Who might care? Is it even worth my time to try and report this: is there any chance of prosecution?

Who might care is a bit of a broad question because it may differ from scenario to scenario. However, in general, there may be law enforcement parties who are interested. The US government maintains a website listing resources for reporting fraud and scams. Any time you are subject to a scam or fraud attempt, it's worth taking a few seconds to review that website to help you determine if, or how, to report the incident to the authorities.

However, you've raised another important possibility: Reporting to financial institutions.

Although this will vary in some fringe cases (Assuming no actual fraud has happened in a given case, Western Union is generally not interested in simply hearing that a fraudster asked you to use them, given the "popularity" of their services among scammers being a well-established fact), in general, if a fraud attempt is based on involvement of a given financial institution, they may be very interested in knowing about it.

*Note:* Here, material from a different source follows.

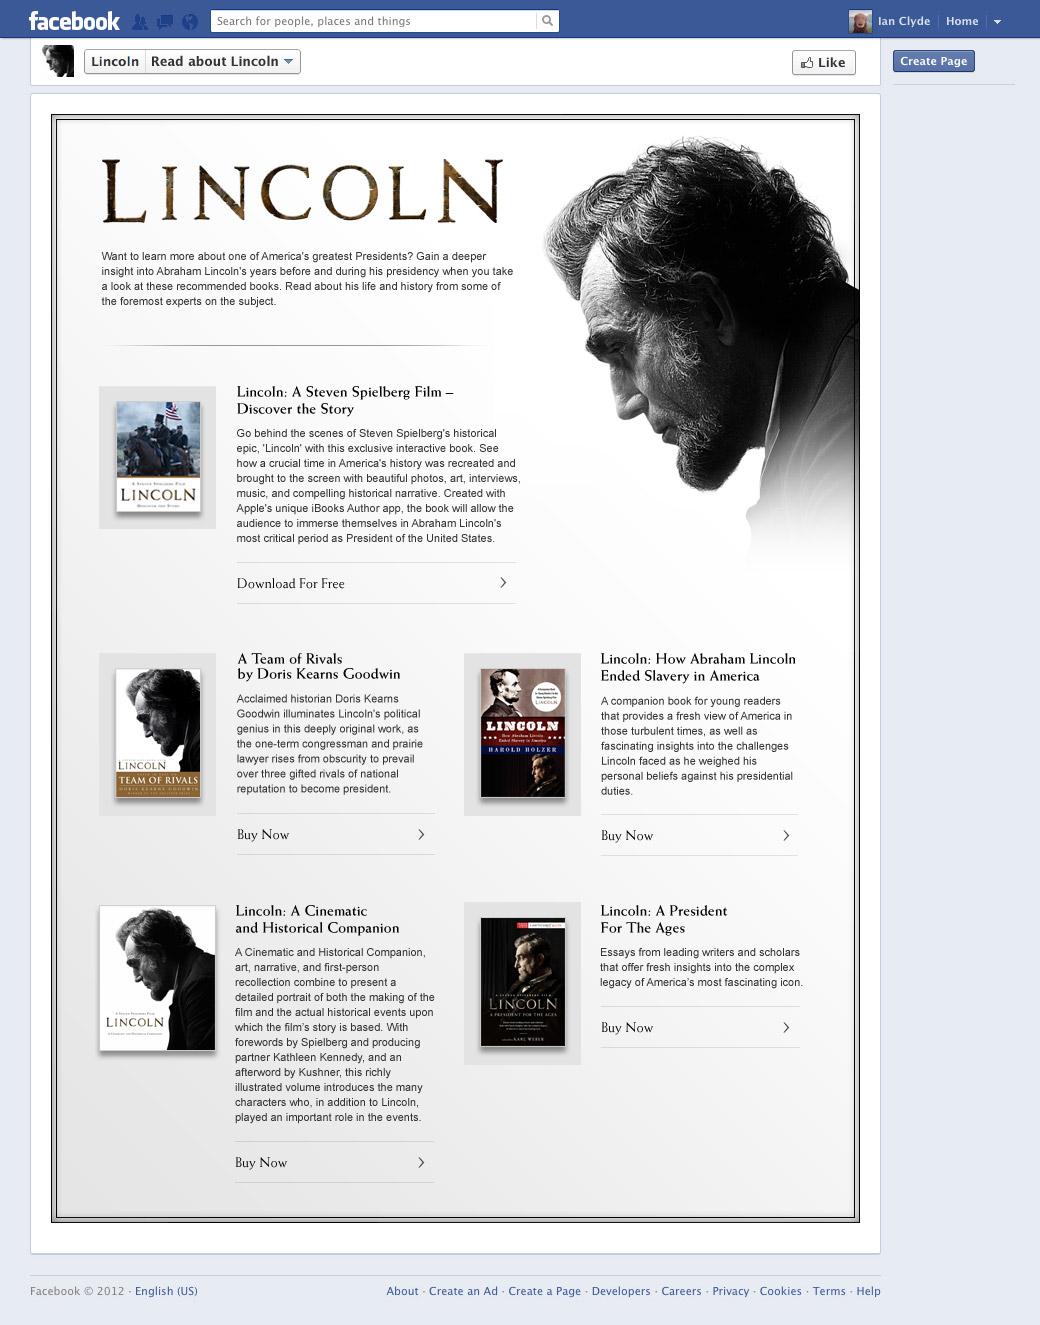 Lincoln_FB_12_6.jpg

Some scammers are dumb, and just randomly plan their attacks. No one worries about those scammers. But many scammers are smart. They will research their targets and attempt to exploit known loopholes. These scammers can cause significant losses - not only for consumers, but for financial institutions. Even when banking regulation essentially dictates that the victim should be left on the hook (i.e. for depositing a check that bounces), it's very often the case that the institution ends up at a loss anyways (good luck recovering thousands in losses from a customer who literally has no money). And, in some cases, regulation specifically leaves the institution on the hook (i.e. if the fraud is based on exploiting check endorsement requirements that the bank doesn't implement cleanly).

For instance, scams involving remote check deposit via a mobile banking app are often targeted based on known factors that a given institution uses when processing those checks. Some institutions only visually inspect checks that fail image verification when under a certain dollar amount, so scammers may try to exploit that by running fraudulent checks under that amount. A bank being targeted as such will have a critical interest in knowing about fraud attempts, because it can allow them to change their monitoring techniques to avoid being involved in fraud.

When a bank's anti-fraud team is evaluating data they have available with the intent of setting fraud controls, it can be a challenging balance between inconveniencing "good" customers vs catching the bad guys. But, even more difficult, with a purely data-centric approach, it can be hard to weed out actual, active fraud attempts from just plain careless or stupid customers behaving in a way that looks like fraud. For this reason, being alerted of an actual fraud attempt can make a difference.

Further, bank anti-fraud teams are often networked well with other institutions, and with law enforcement. One data point may not seem like much, but when people working behind the scenes to stop fraud are able to add that data point to a larger picture, it can make an impact. Receiving relevant, fresh information on fraud attempts can certainly lead to authorities being able to prosecute criminals.

So - to make a long story short - it may be the case that a bank doesn't care about your craigslist add. For a given scam report, they may not care at all. But it may also be the case that a fraud report can make a big difference, and they will care very much. For me, personally, that chance is worth spending a few minutes of my time by collecting the data I have and reporting it to any financial institutions involved.

The best way to do that may vary by institution. Some banks will have a fraud reporting mechanism on their website. Others may not, and you can always call their customer service number. Using specific fraud reporting tools that the institution makes available is probably the best route, if they exist, because run-of-the-mill customer service reps are sometimes thrown off by things that occur very infrequently (like, how to handle someone reporting a fraud attempt).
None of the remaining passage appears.